Things that make you swear when you run (Read 1728 times)

TrailDoc


TrailDoc

    We all have things that happen when we run, but only a select few will really set you off. What's yours? Mine are mountain bikers who come barreling down the trail around blind corners at fun speed, almost run you over, then don't even have the courtesy to say "Sorry"!

    2014 Goals: sub-3:10 Vancouver Marathon, Leadville 50M, UltraTrail du Mont Blanc 100K


    A Saucy Wench

      Unexploded poppers on the sidewalk after the 4th of July. I set off 3 or 4 of them every year running on them and it scares the bejeesus out of me. People who leave dog poo on the sidewalk. This isnt as much a running thing but then knowing that my kids will probably be running down the same dang sidewalk and they wont dodge. Or if I am out with the double jogger, its a lot harder to miss.

      I have become Death, the destroyer of electronic gadgets

       

      "When I got too tired to run anymore I just pretended I wasnt tired and kept running anyway" - dd, age 7

        Cars that don't stop for you at pedestrian crosswalks, even when you're obviously waiting to cross.


        I fly.

          Cars that don't stop for you at pedestrian crosswalks, even when you're obviously waiting to cross.
          +1

          Bring it on.

            Cars that stop and wait for you to cross in front of them even when you're 1/4 of the mile down the street. Thus forcing you to speed the hell up.


            an amazing likeness

              My running ability...

              Choosing my words carefully has never been my strength I've been known to be vague and often pointless


              The shirtless wonder

                Dead batteries in my mp3 player half way through a long run.
                  Wind-blown sleet that feels like a thousand needles poking me in the face repeatedly for 30 minutes.
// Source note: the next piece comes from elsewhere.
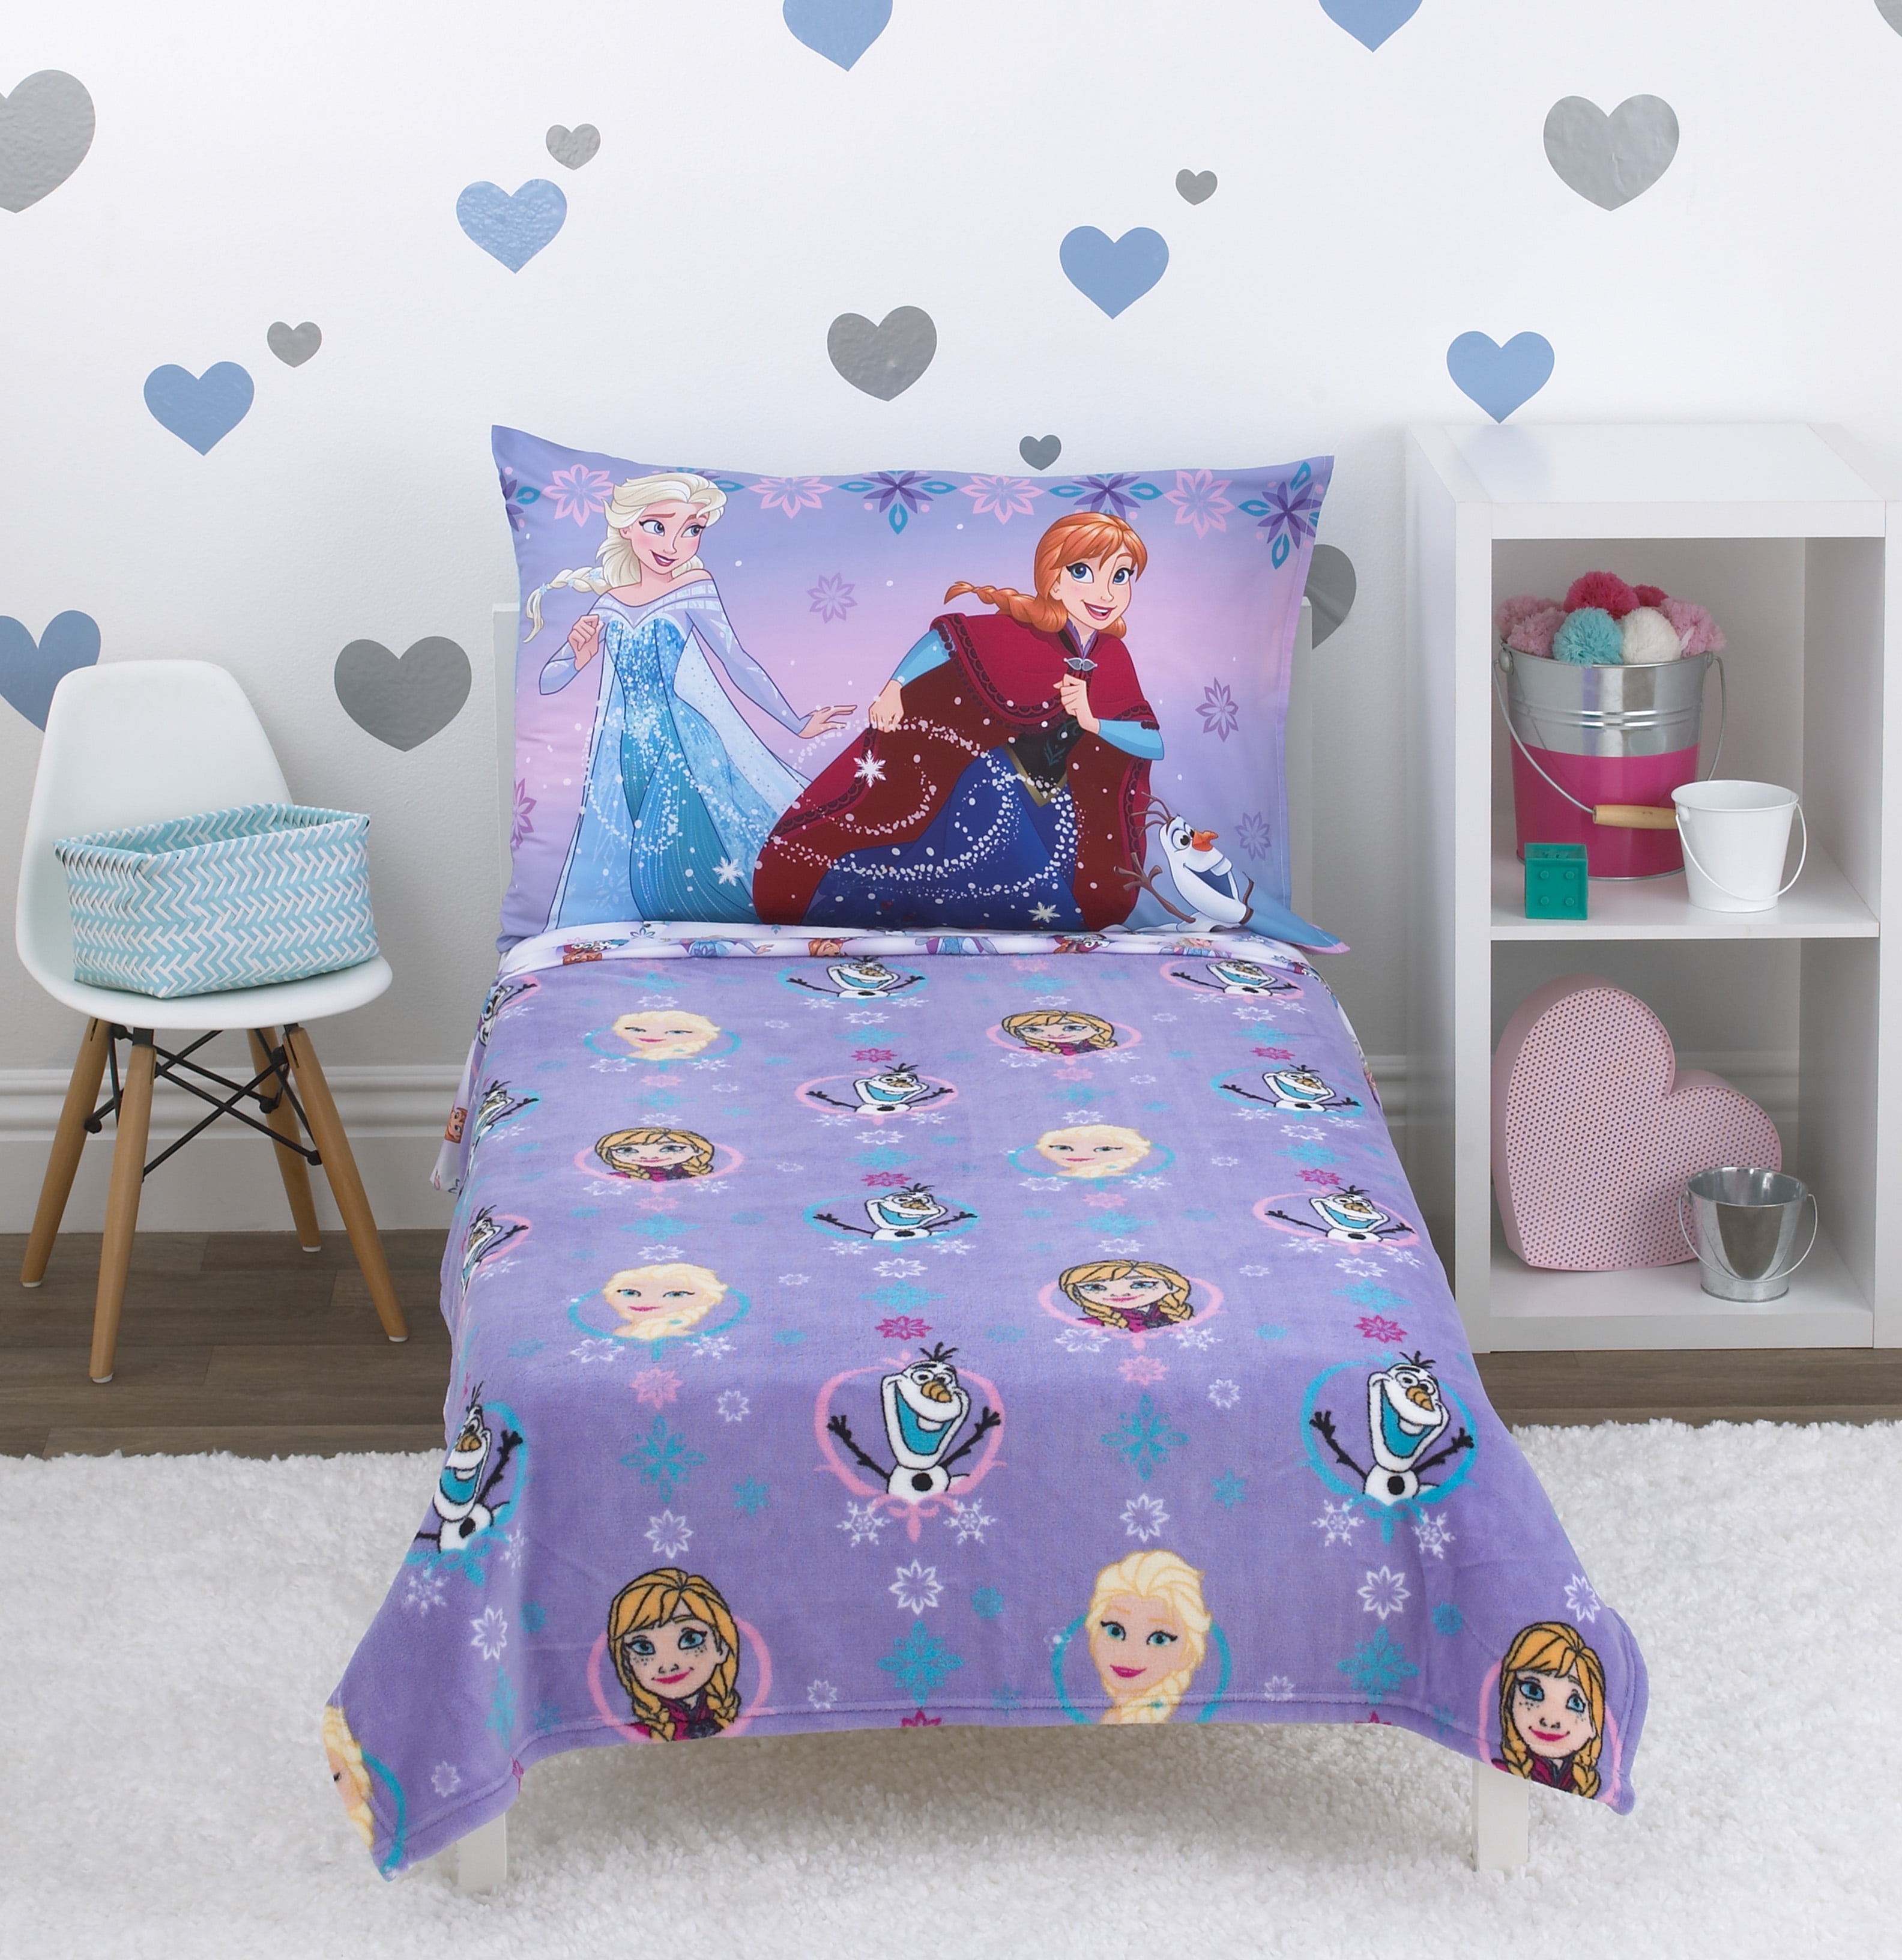 Disney Frozen Sisters Forever Toddler Bedding Set 4pc Bed Set Comforter

                  Runners run.


                  Dave

                    Serious headwind.
                    I ran a mile and I liked it, liked it, liked it.

                    dgb2n@yahoo.com
                      Ice.

                      E.J.
                      Greater Lowell Road Runners
                      Cry havoc and let slip the dawgs of war!

                      May the road rise to meet you, may the wind be always at your back, may the sun shine warm upon your SPF30, may the rains fall soft upon your sweat-wicking hat, and until you hit the finish line may The Flying Spaghetti Monster hold you in the hollow of His Noodly Appendage.

                        As you happily and excitedly exit your car and make your way through the parking lot toward roads that are *finally* clear of snow and ice, you step in a big puddle (or two) and totally soak your shoes.
                          Having your stomach go bad when you're too far out to turn around and make it back in time.


                          12-week layoff

                            Wind-blown sleet that feels like a thousand needles poking me in the face repeatedly for 30 minutes.
                            The opposite...heat. humidity. hurricanes.


                            Menace to Sobriety

                              Rednecks that shout and throw stuff from their Cam-Birds and pick ups.
                              Janie, today I quit my job. And then I told my boss to go f*** himself, and then I blackmailed him for almost sixty thousand dollars. Pass the asparagus.
                                When I slip and fall.